This analysis is of the debitcards dataset from the fpp2 package. The data is monthly retail debit card usage in Iceland (million ISK). Data is from January 2000 - August 2013.
Setup
library(fpp2)
## Loading required package: ggplot2
## Loading required package: forecast
## Registered S3 method overwritten by 'quantmod':
## method from
## as.zoo.data.frame zoo
## Loading required package: fma
## Loading required package: expsmooth
library(ggplot2)
library(forecast)
library(psych)
##
## Attaching package: 'psych'
## The following objects are masked from 'package:ggplot2':
##
## %+%, alpha
library(seasonal)
##
## Attaching package: 'seasonal'
## The following object is masked from 'package:psych':
##
## outlier
library(tseries)
Data
str(debitcards)
## Time-Series [1:164] from 2000 to 2014: 7.2 7.33 7.81 7.41 9.14 ...
describe(debitcards)
## vars n mean sd median trimmed mad min max range skew kurtosis se
## X1 1 164 15.83 4.81 16.34 15.76 5.61 7.2 26.68 19.47 0.01 -0.89 0.38
autoplot(debitcards)
decomp = seas(debitcards, x11="")
autoplot(decomp)
logdebit = log(debitcards)
ETS on all data
ETSmod = ets(logdebit, lambda = "auto")
ETSfc = forecast(ETSmod, h = 20)
autoplot(ETSfc)
ARIMA on all data
adf.test(logdebit, alternative = "stationary")
##
## Augmented Dickey-Fuller Test
##
## data: logdebit
## Dickey-Fuller = -3.0132, Lag order = 5, p-value = 0.1536
## alternative hypothesis: stationary
ARIMAmod = auto.arima(logdebit, lambda = "auto")

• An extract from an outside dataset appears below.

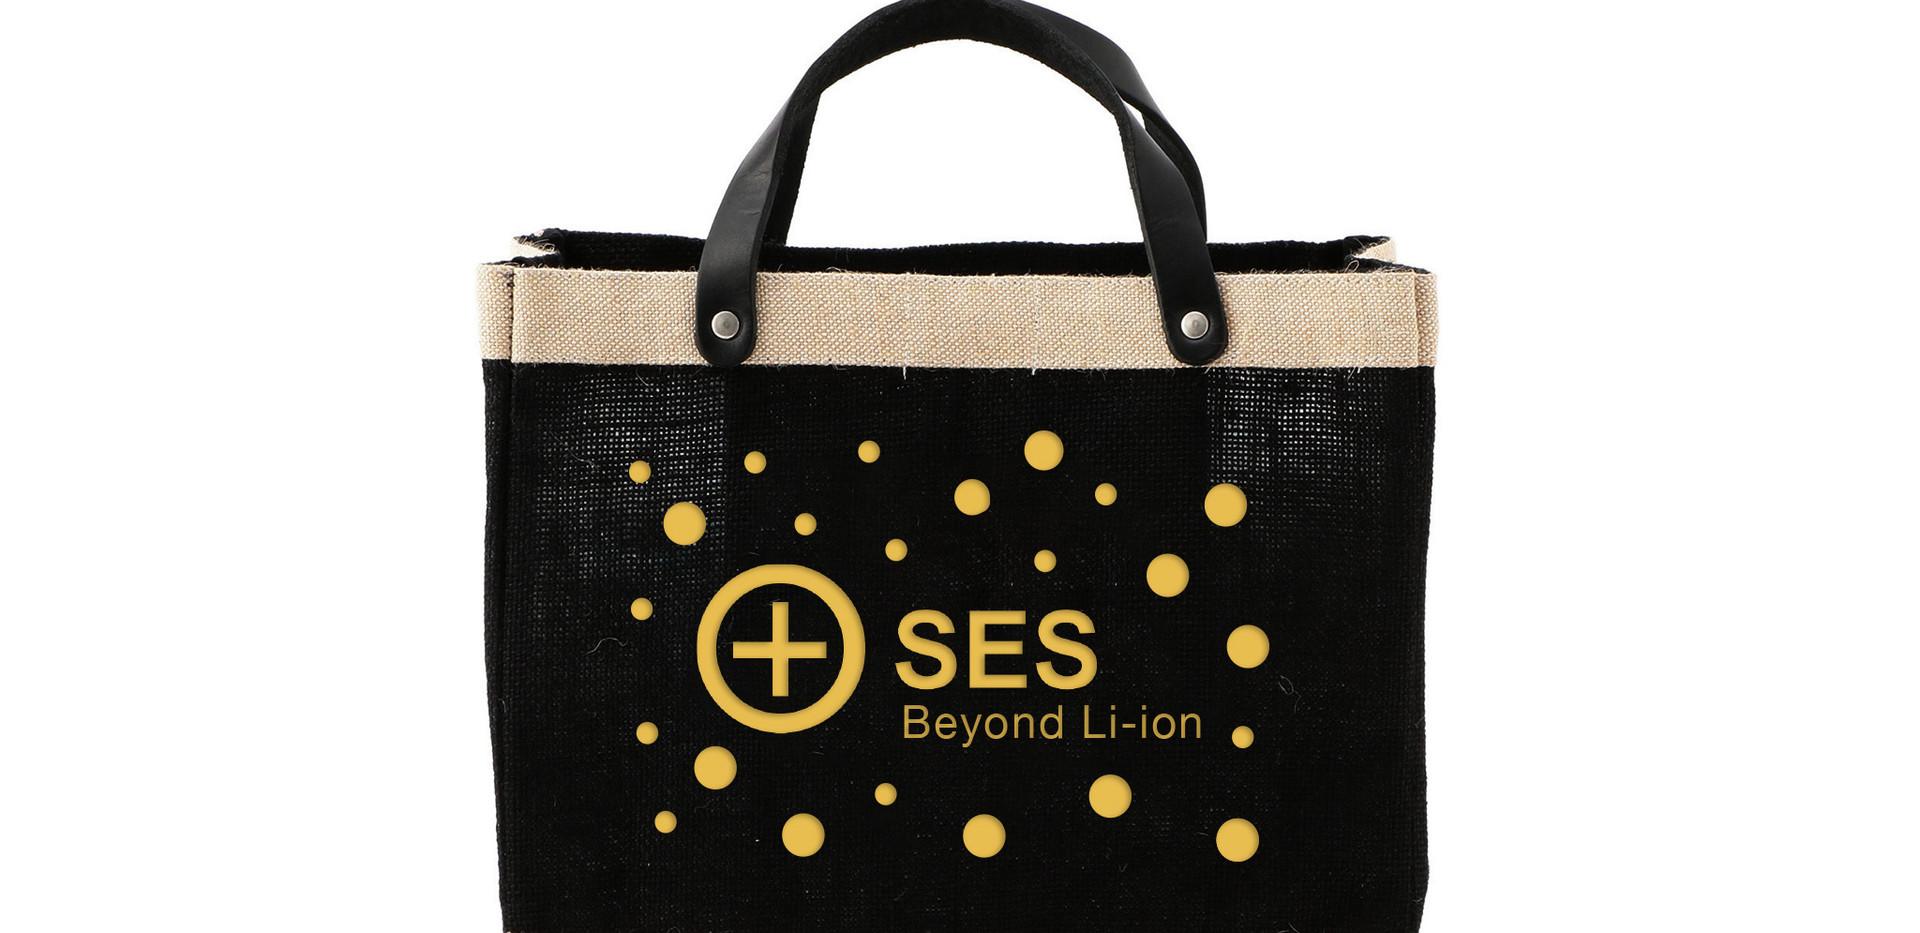 SES-dots-Black-lunch-bag-front-flat-mock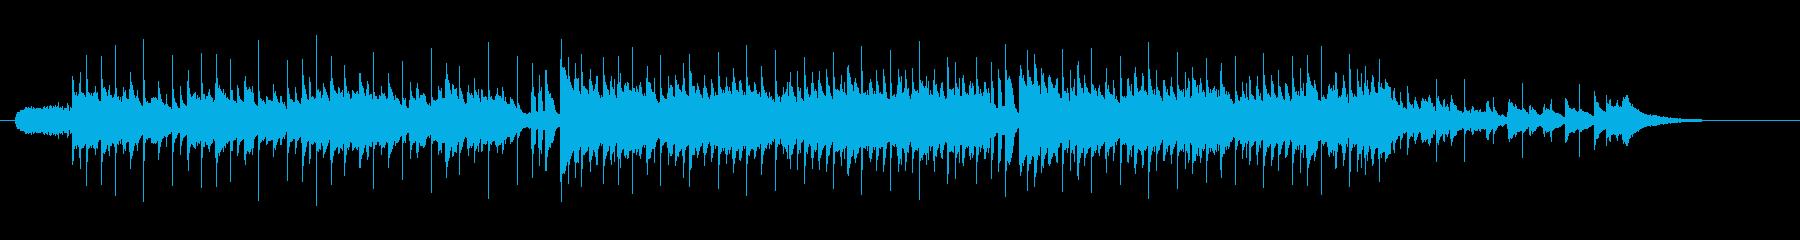 ニューミュージック系ミディアム・バラードの再生済みの波形

ARIMAfc = forecast(ARIMAmod, h =20)
autoplot(ARIMAfc)
Compare Models on All Data
checkresiduals(ETSfc)
##
## Ljung-Box test
##
## data: Residuals from ETS(A,A,A)
## Q* = 77.066, df = 8, p-value = 1.901e-13
##
## Model df: 16. Total lags used: 24
checkresiduals(ARIMAfc)
##
## Ljung-Box test
##
## data: Residuals from ARIMA(0,1,2)(0,1,1)[12]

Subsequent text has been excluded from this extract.